Cystic fibrosis patients have lower levels of 25(OH)D than healthy controls [149]. However, only a few clinical trials have been carried out, with small samples, and there is no evidence of clinical benefit or harm in affected patients [150].

The correlation between vitamin D intake and the development of lung cancer is controversial. Some studies find no relationship between serum 25(OH)D levels and the overall survival rate of patients with lung cancer [151,152], while others show that increased expression of the VDR in lung cancer is associated with a higher survival rate due to a lower proliferative state and cell cycle arrest in the G1 phase [153,154]. A recent meta-analysis showed that vitamin D not only improves the long-term survival of lung cancer patients, but also has a beneficial effect on the incidence of lung cancer [155].

Calcifediol may have some advantages over vitamin D, which gives it a certain superiority for use in vitamin D deficiency replacement therapy in asthma, COPD, COVID-19 and other respiratory diseases: (1) calcifediol induces a more rapid increase in circulating 25OHD than oral cholecalciferol; (2) oral calcifediol is more potent than cholecalciferol; (3) oral calcifediol has a higher rate of intestinal absorption, which confers advantages in cases of malabsorption; (4) oral calcifediol has a linear dose–response curve, independent of initial serum 25OHD; and (5) intermittent administration of calcifediol produces a fairly stable serum 25OHD, compared to fluctuations following intermittent oral cholecalciferol [156]. Therefore, oral calcifediol is more potent than vitamin D3 according to the results of nine RCTs when comparing physiological doses of oral cholecalciferol with oral calcifediol [157] and in clinical trials where the two drugs have been compared head-to-head [158].

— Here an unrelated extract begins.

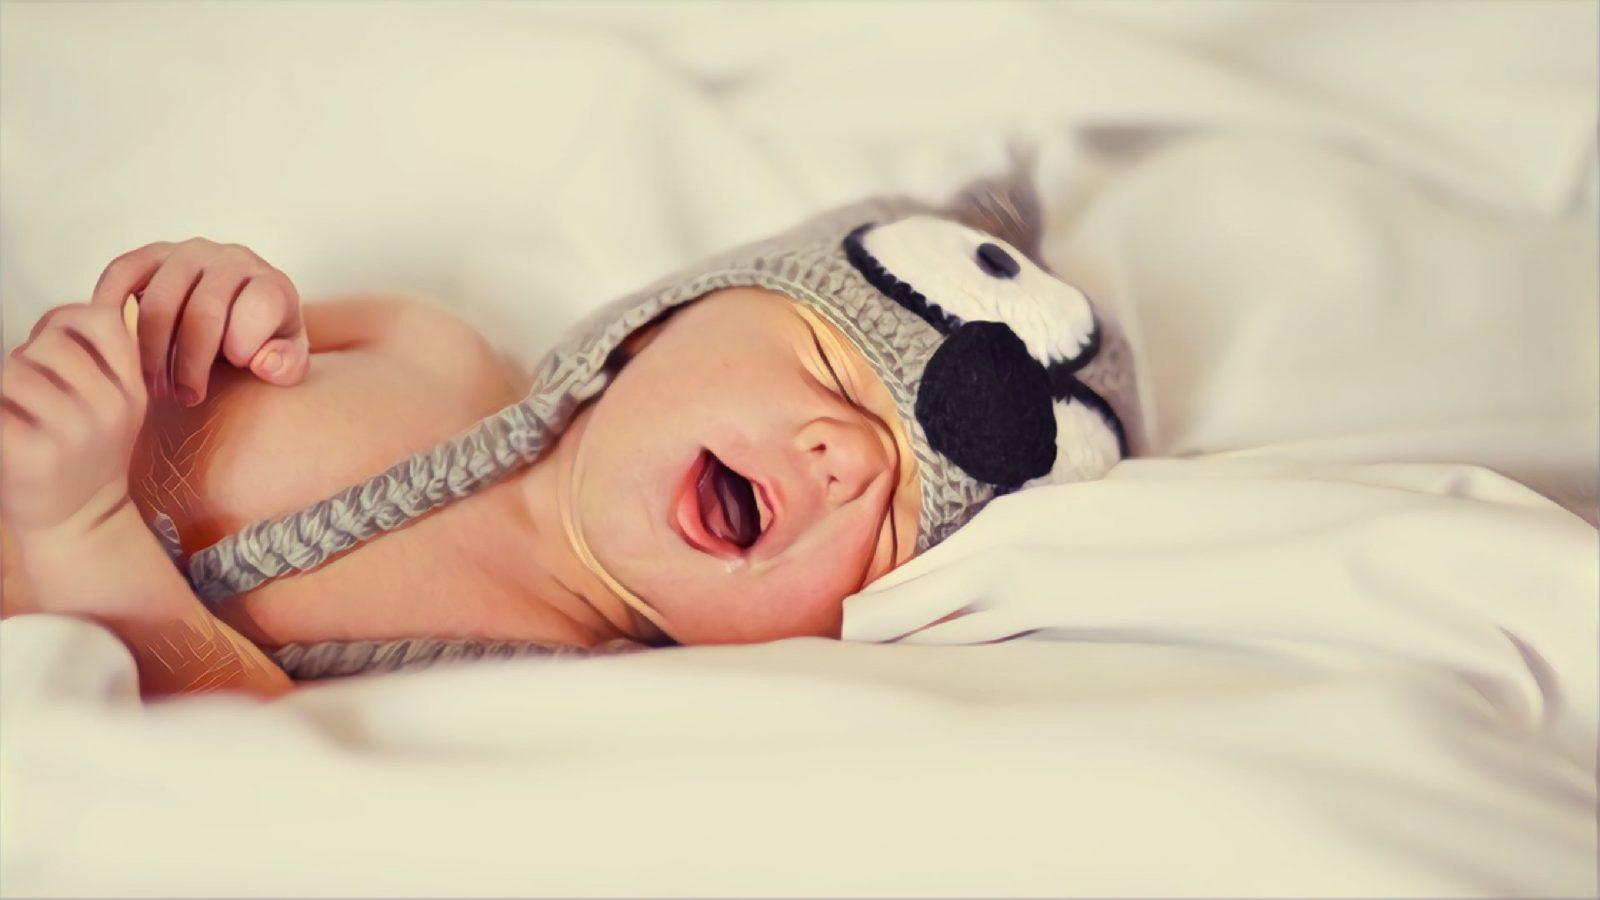 La ninna nanna per dormire meglio: ci pensa l'intelligenza artificiale!

In the absorption process, vitamin D3 is incorporated into chylomicrons and enters the lymphatic system. The chylomicrons enter the bloodstream via the superior vena cava. Most of the vitamin D3 is incorporated into body fat. Vitamin D3 that is slowly released from body fat into the circulation is converted in the liver to calcifediol (25OHD3). This is the likely explanation for why vitamin D3 administration takes time to reach a steady-state concentration of 25OHD3. However, calcifediol is more hydrophilic, and therefore, after ingestion, it is absorbed into the venous portal system, immediately increasing the circulating concentration of 25(OH)D [156], which is available within hours as a substrate for calcitriol synthesis in broncho-alveolar lung cells, immune cells or other potential target tissues. This ease of absorption and availability [159] is of great importance in patients with severe malabsorption of any etiology [156].

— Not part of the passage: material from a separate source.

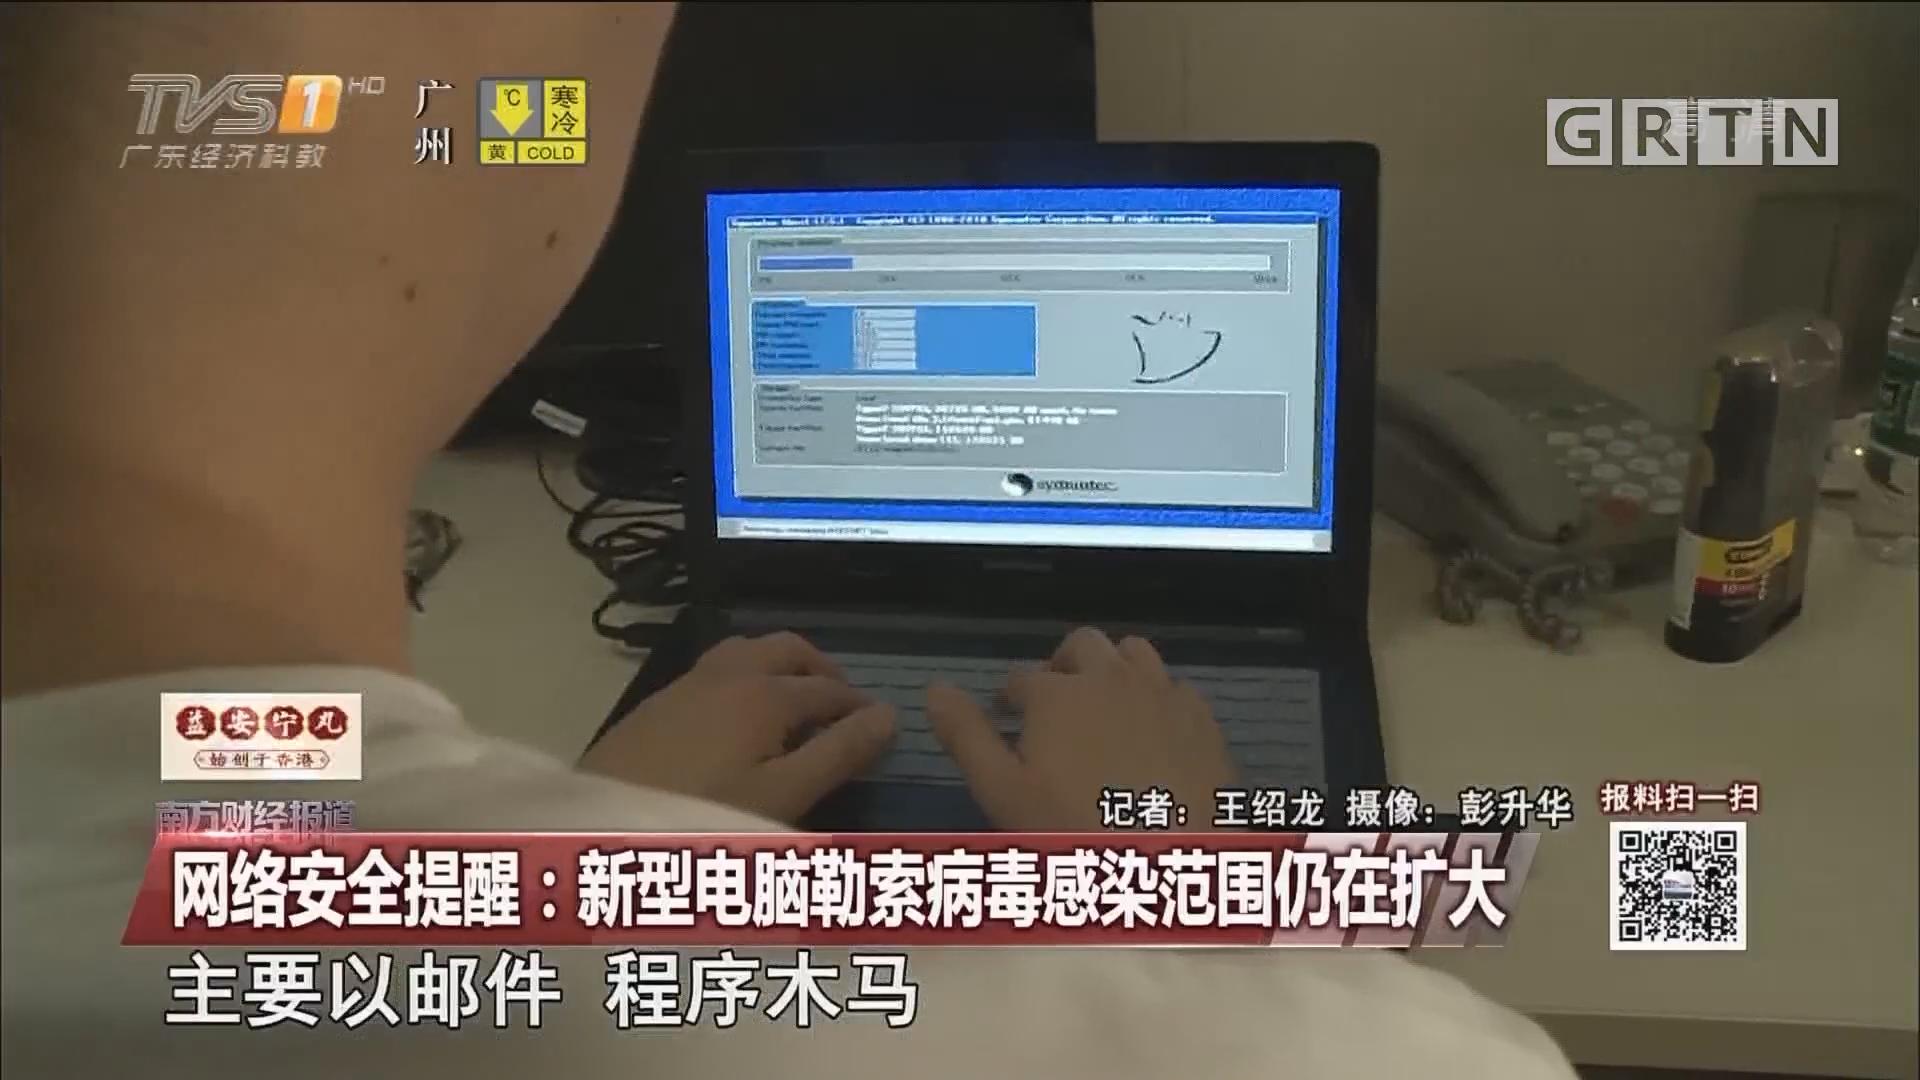 网络安全提醒:新型电脑勒索病毒感染范围仍在扩大

Furthermore, calcifediol does not require hepatic 25-hydroxylation. Functional impairment of CYP2R1 activity has been reported in patients with obesity, malabsorption [160] or inflammatory lung diseases such as COPD or asthma [45,59].

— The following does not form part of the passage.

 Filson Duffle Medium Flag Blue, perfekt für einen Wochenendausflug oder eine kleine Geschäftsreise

In summary, calcifediol could play an important role in the treatment of vitamin D deficiency in patients with respiratory diseases. Depending on the availability of clinical trials or not, we can recommend its use with a greater or lesser degree of evidence: clearly in asthma and with somewhat less evidence in COPD. Maintaining adequate 25(OH)D levels may contribute to better control of both pathologies, avoiding exacerbations, and especially avoiding exacerbations of infectious origin. In COVID-19, observational data consistently suggest that calcifediol supplementation may decrease the severity of this disease, as evidenced by a reduced need for intensive care and a decreased risk of mortality. However, we will have to wait for the results of large, randomized trials clinical trials for this recommendation to have a high level of evidence. In the meantime, the practical recommendation should be to systematically determine 25(OH)D serum levels in all patients with chronic respiratory pathologies, and in those with deficient levels, correction of the 25OHD deficit should be recommended by substitution treatment.